-- GIVEN INFORMATION follows --
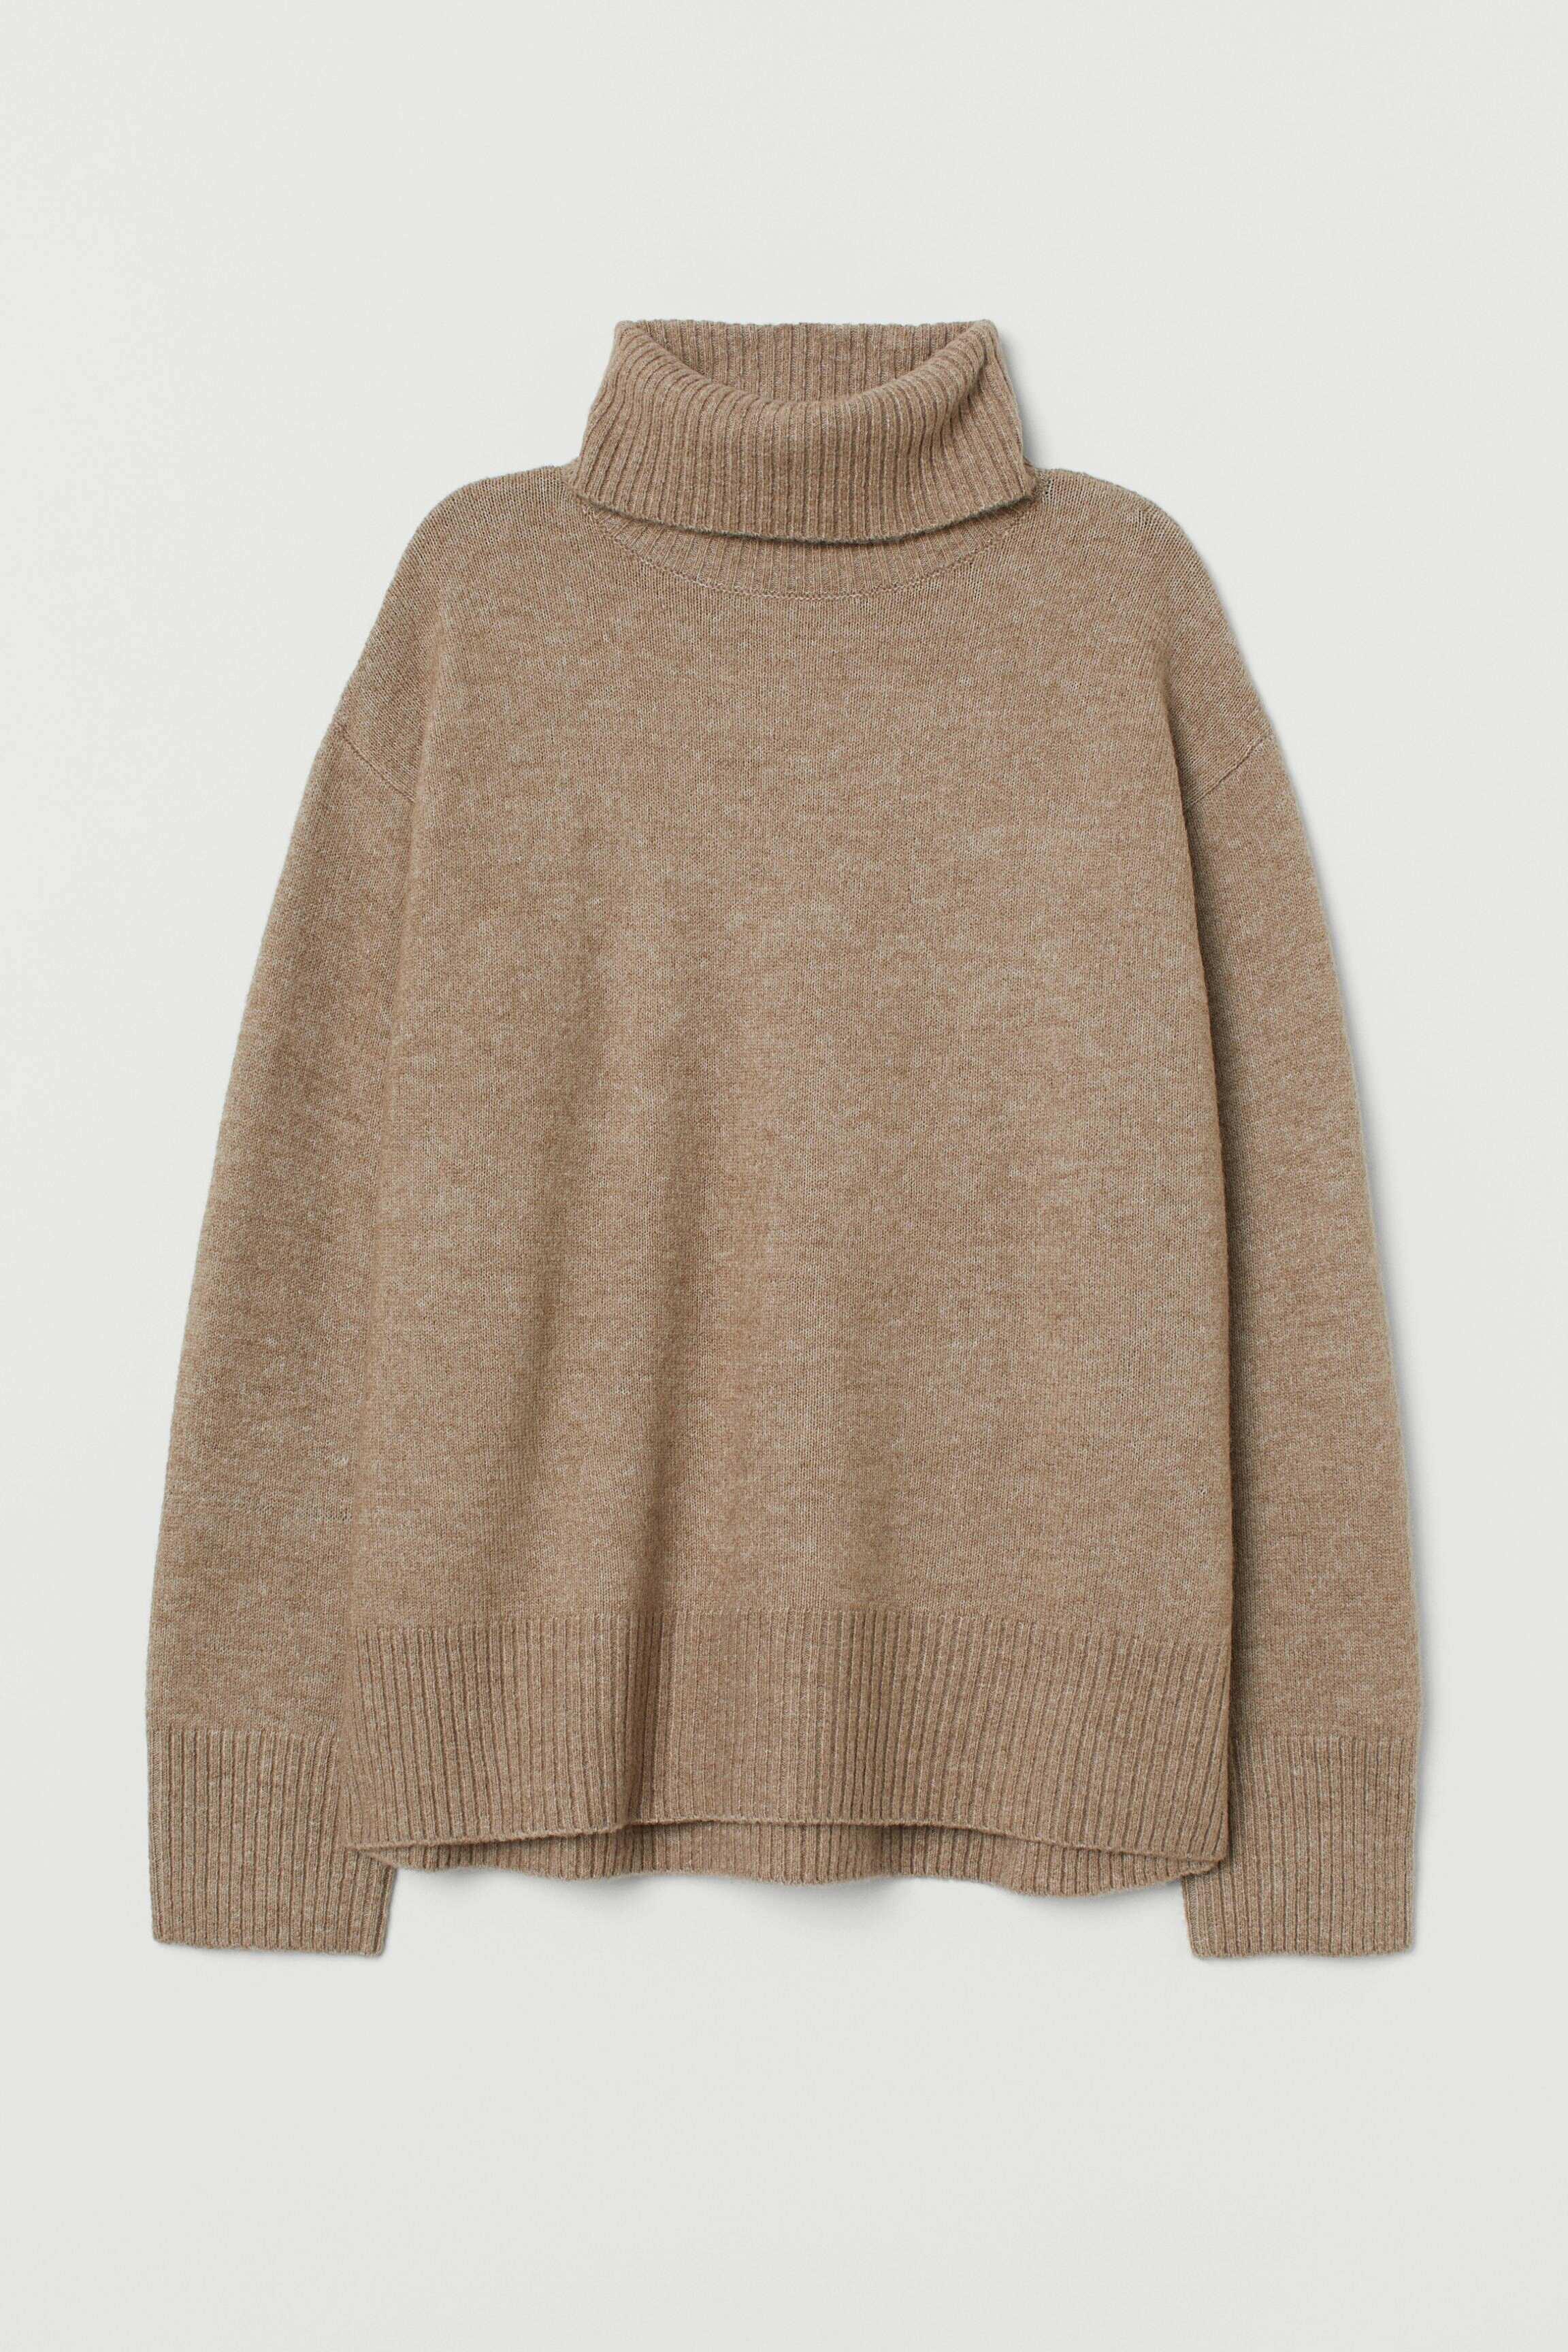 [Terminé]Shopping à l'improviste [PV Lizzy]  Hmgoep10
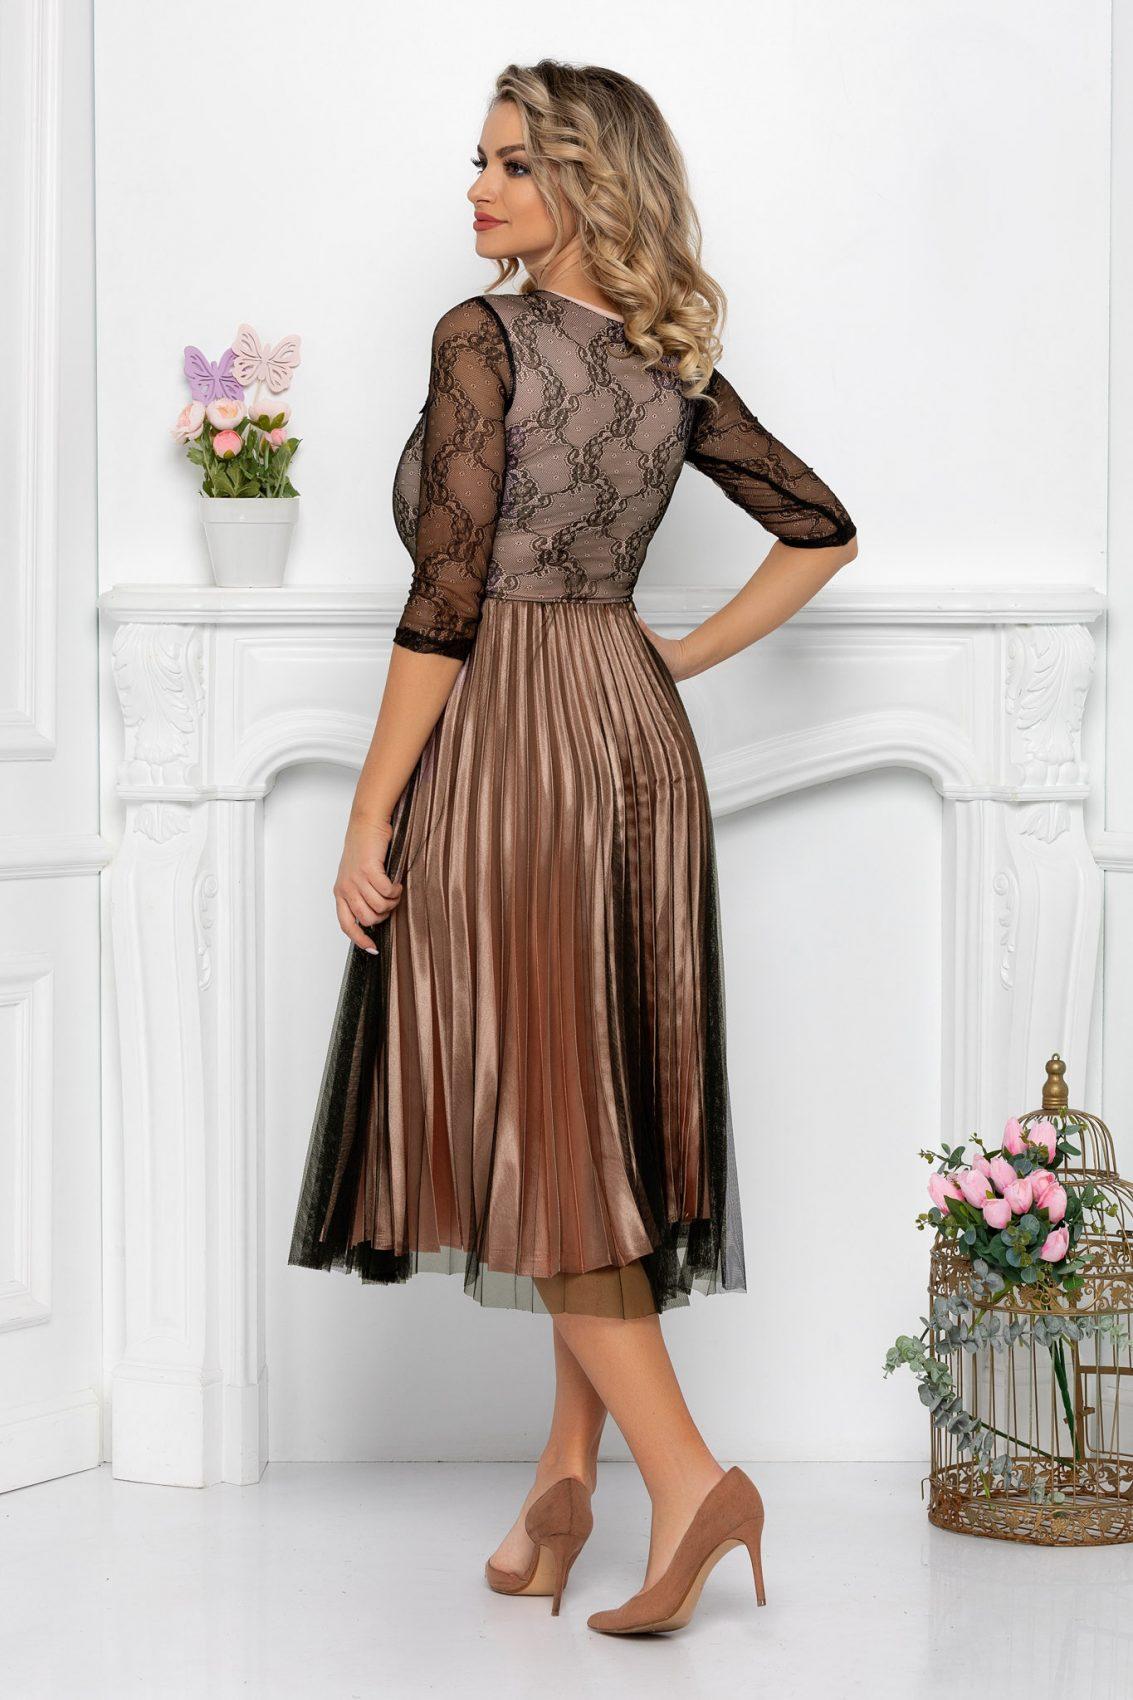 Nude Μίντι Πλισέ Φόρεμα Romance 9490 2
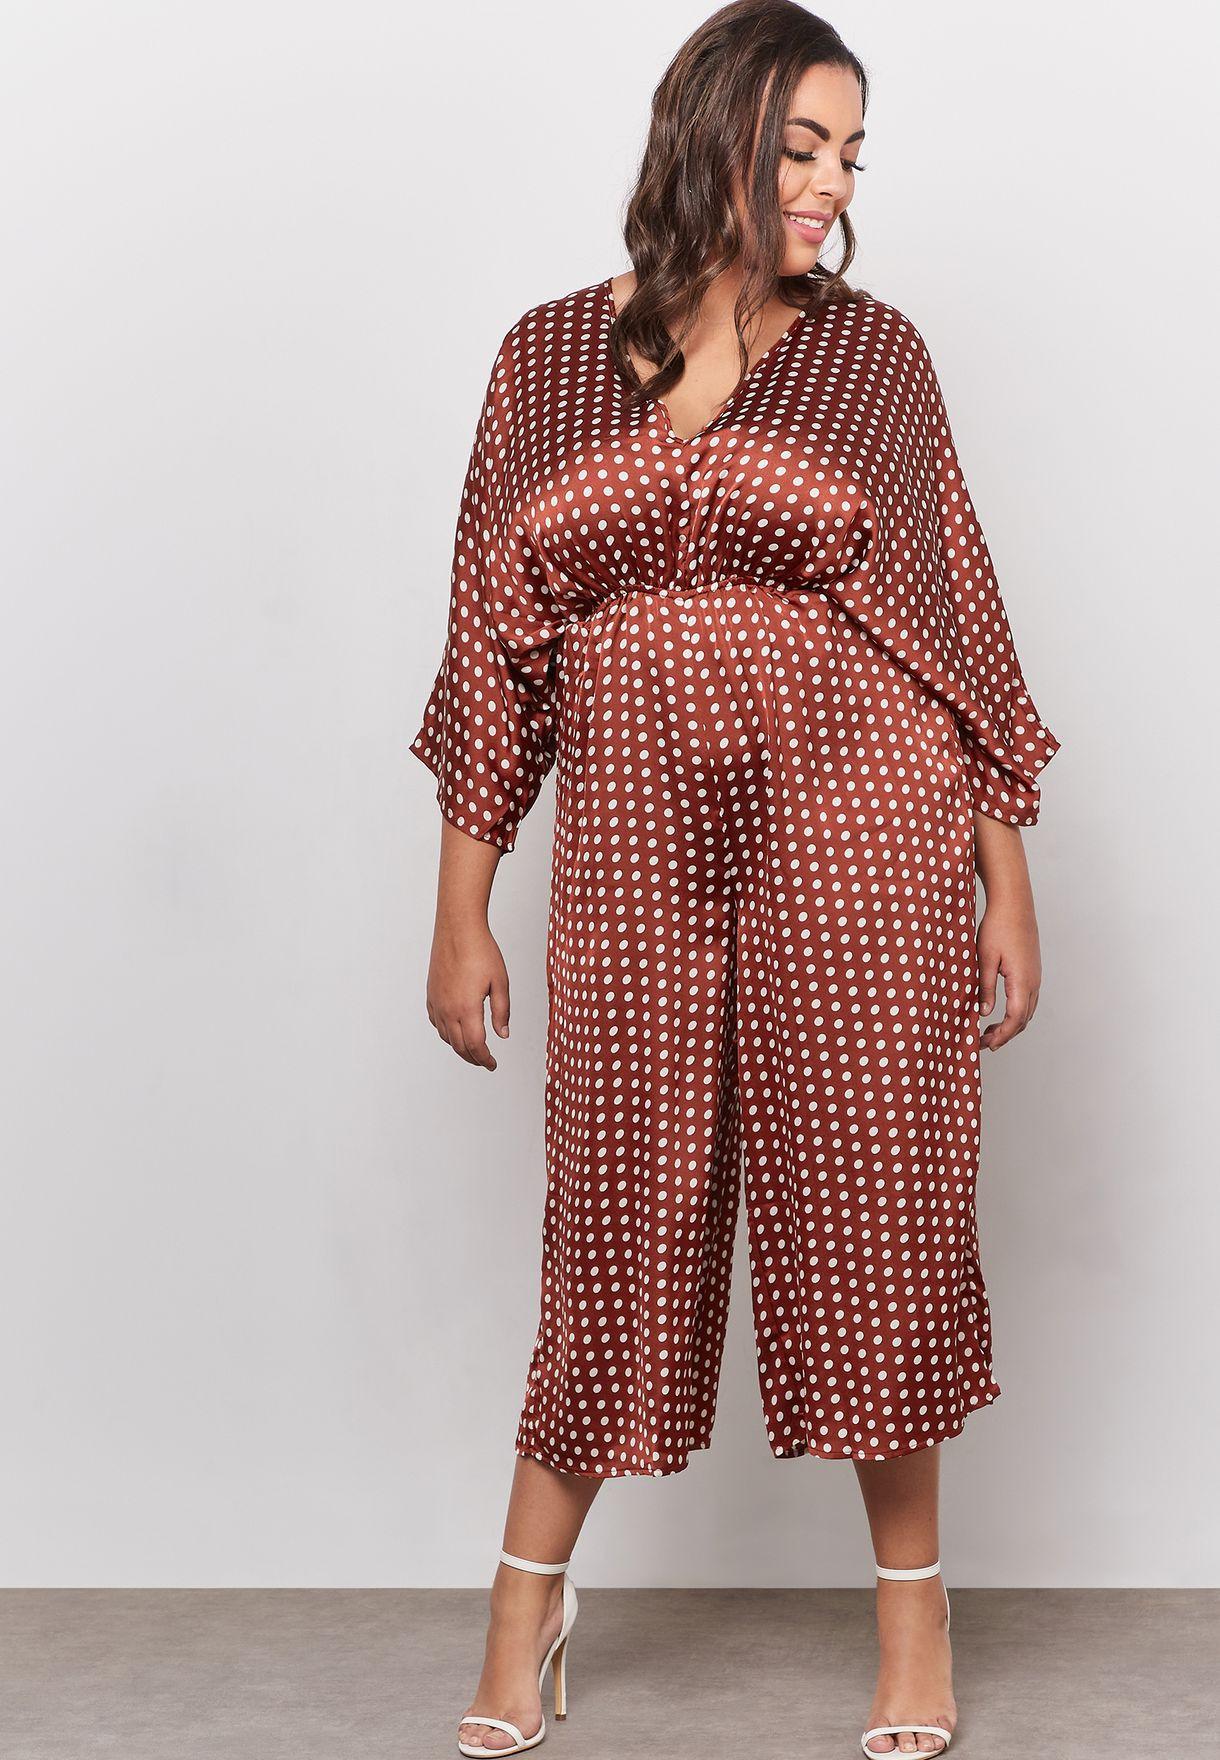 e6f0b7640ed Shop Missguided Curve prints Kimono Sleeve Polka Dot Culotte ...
-- GIVEN INFORMATION concluded --
* **GOAL OF THE EXERCISE**: Output every line above exactly as it stands, and drop any picture.

* **ANSWER BOX**:
 [Terminé]Shopping à l'improviste [PV Lizzy]  Hmgoep10
 Nude Μίντι Πλισέ Φόρεμα Romance 9490 2
 e6f0b7640ed Shop Missguided Curve prints Kimono Sleeve Polka Dot Culotte ...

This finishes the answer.